# 97 Maxima Half Shaft replacement Guidance Needed



## Samahi72 (Feb 14, 2008)

The time has come to replace the half shafts in my daughters 97 Maxima, automatic. Actually WAY past due. Anyway, is there anything special, unique or tricks that I need to be aware of? I was told you need to pull the right side off first, is that true and if so why? Do I replace the right one before I pull the left one off? Thanks for your help.


----------



## JNCoRacer (Apr 18, 2003)

There's no particular order to do it. The right side is a little more involved because of the 3 bolts on the carrier, but thats it. I think the hardest part is getting the 36mm axle nuts off. Other than that both axles can be changed out in about 2-2.5 hours if its your first time.


----------



## Samahi72 (Feb 14, 2008)

JNCoRacer said:


> There's no particular order to do it. The right side is a little more involved because of the 3 bolts on the carrier, but thats it. I think the hardest part is getting the 36mm axle nuts off. Other than that both axles can be changed out in about 2-2.5 hours if its your first time.
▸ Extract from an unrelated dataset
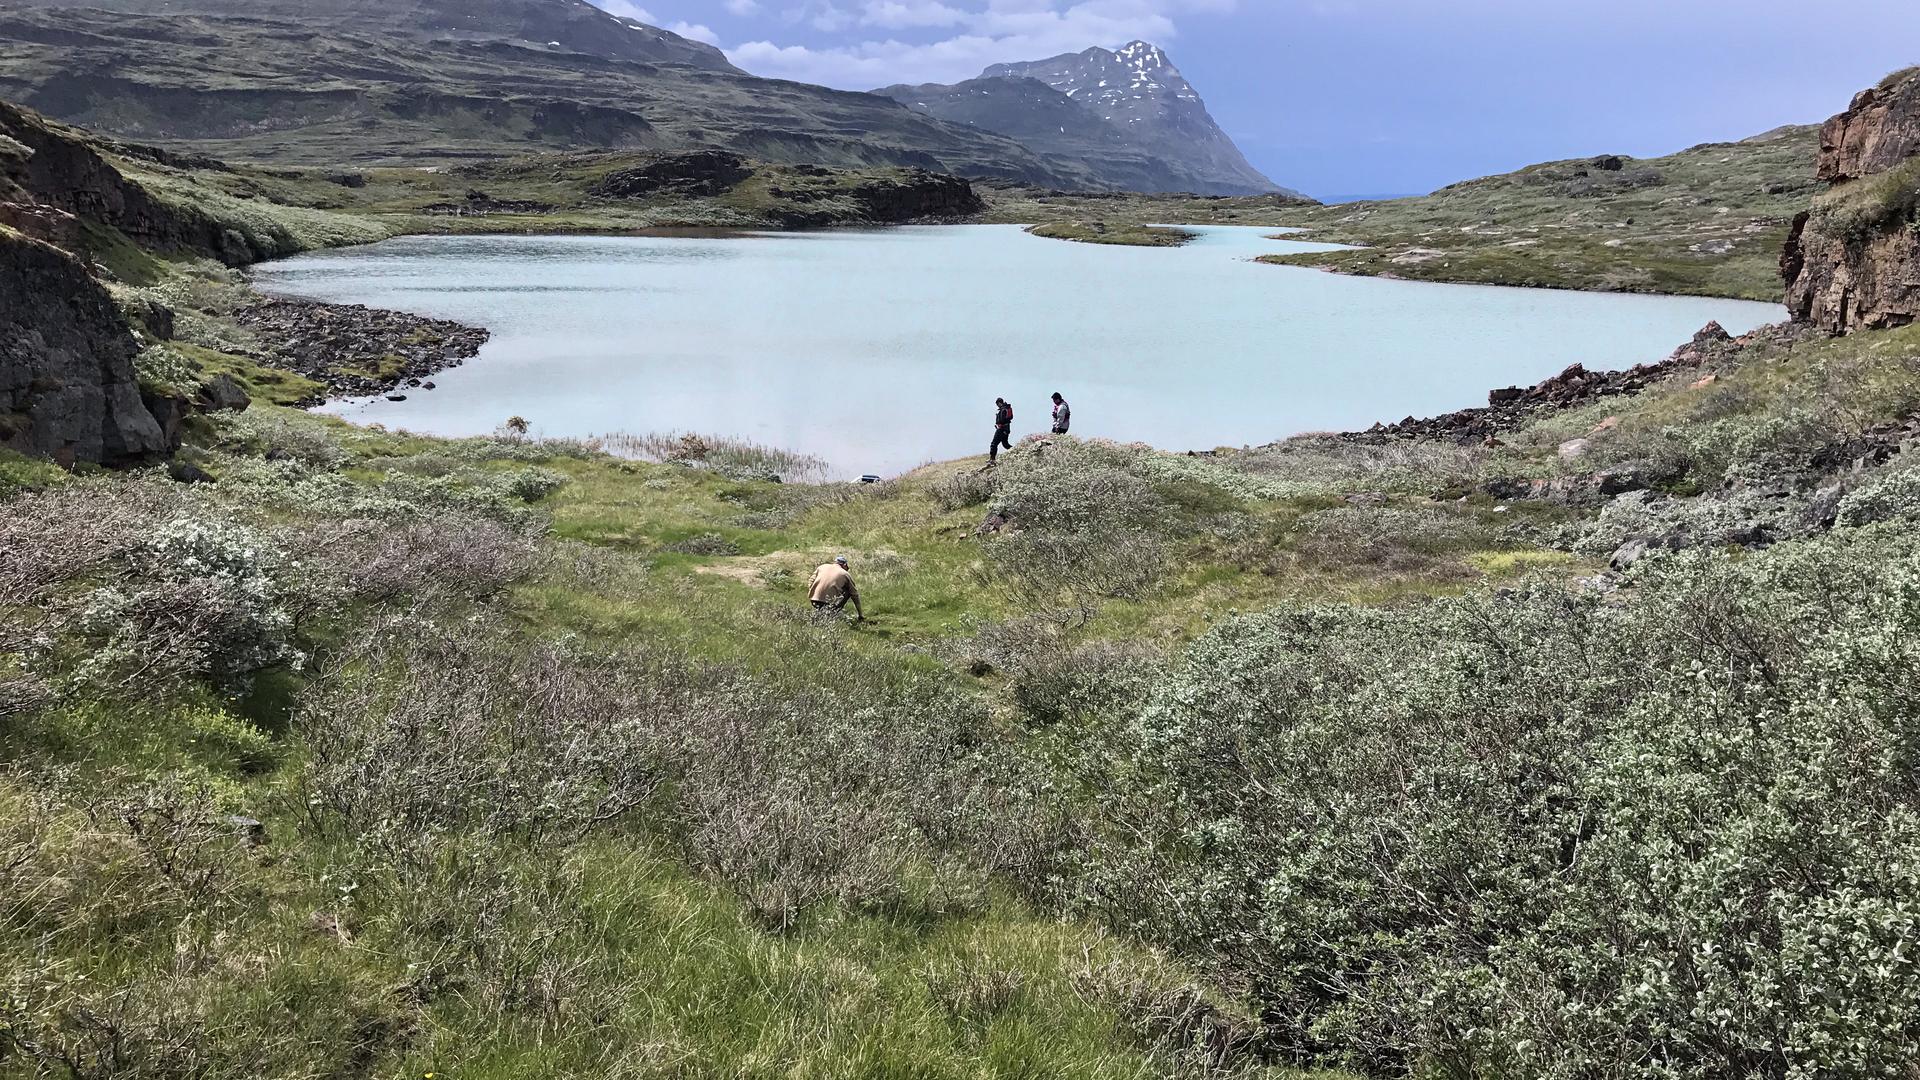 Groenland - Le lac 578 dans le sud du pays au bord duquel se trouvent les ruines d'une ancienne ferme de colons nordiques - Photo: Raymond S. Bradley
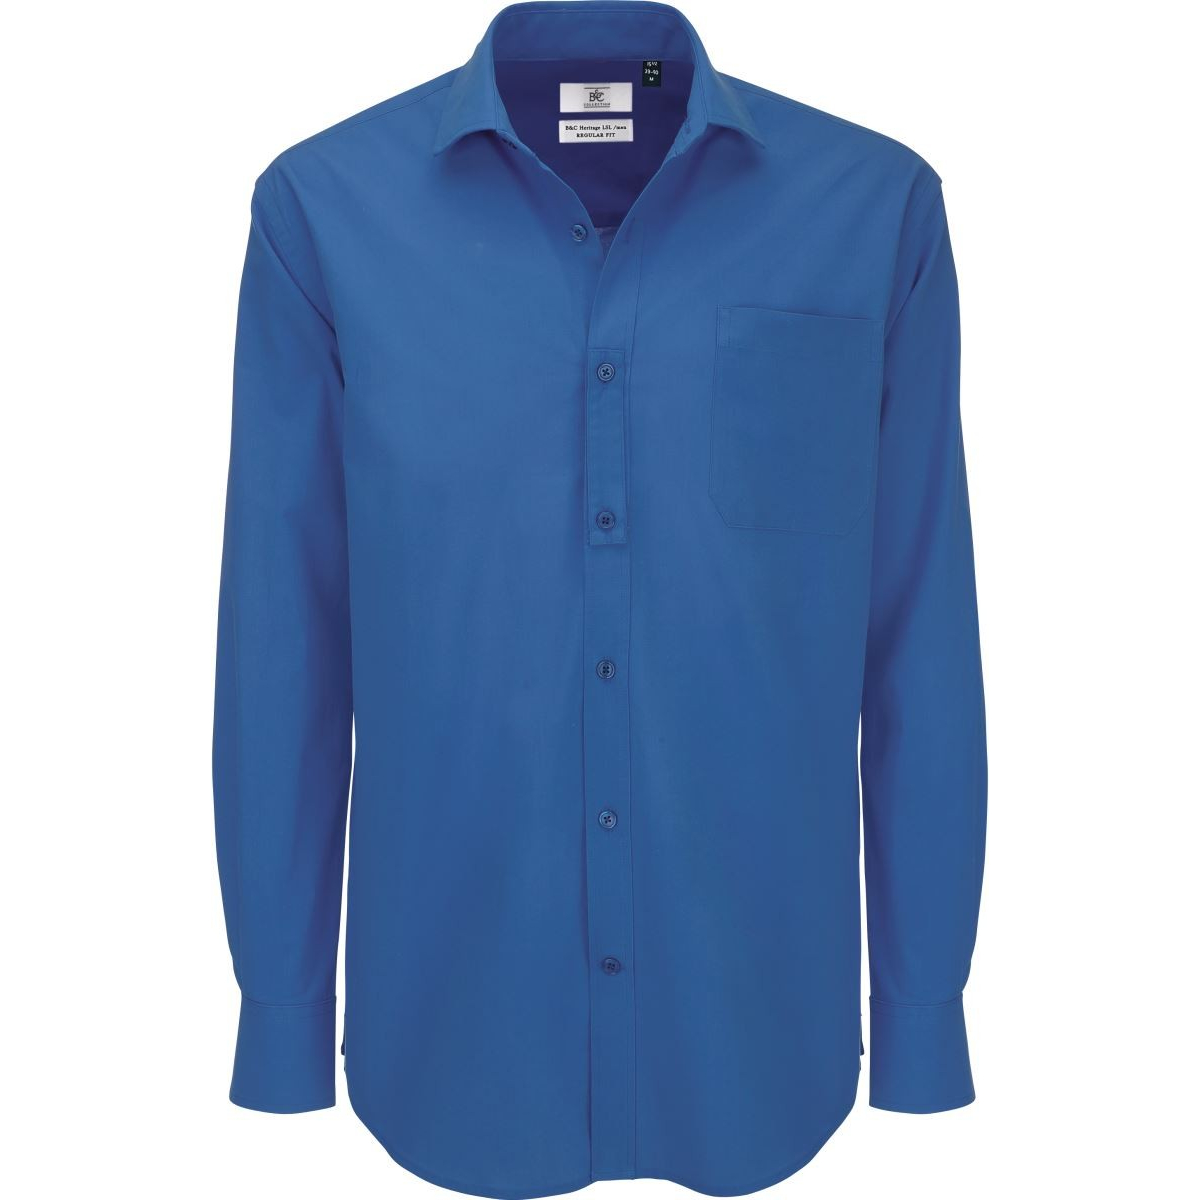 Pánská popelínová košile B&C Heritage s dlouhým rukávem - modrá, S

Thank you, I have replaced them on Honda's before and I couldn't understand the direction to replace the right first.


----------



## Dan1120 (Sep 26, 2009)

If you've done it on hondas then you should be perfectly capable of doing it on a maxima. Just make sure when you do the drivers side axle you really ram it home and get that retaining clip into the slot. Other than that the hardest part is just like JNCoRacer said, the axle nut. The FSM calls for 174-231 ft/lbs of torque on the axle nut. Heres a link to the FSM dealing with the front axle & front suspension, including details on replacing the shafts. http://www.********.com/FSM/maxima/1997/FA.pdf

Edit: Well for some reason this site doesn't want to display the name of website in the link. Type in nico club where the *** are.


----------



## Samahi72 (Feb 14, 2008)

Dan1120 said:


> If you've done it on hondas then you should be perfectly capable of doing it on a maxima. Just make sure when you do the drivers side axle you really ram it home and get that retaining clip into the slot. Other than that the hardest part is just like JNCoRacer said, the axle nut. The FSM calls for 174-231 ft/lbs of torque on the axle nut. Heres a link to the FSM dealing with the front axle & front suspension, including details on replacing the shafts. http://www.********.com/FSM/maxima/1997/FA.pdf
> 
> Edit: Well for some reason this site doesn't want to display the name of website in the link. Type in nico club where the *** are.


Thank you. I tried the link it wouldn't connect, so I went to the NICO site manually and never did find that pdf. Must have expired, but thanks for the offer to help.


----------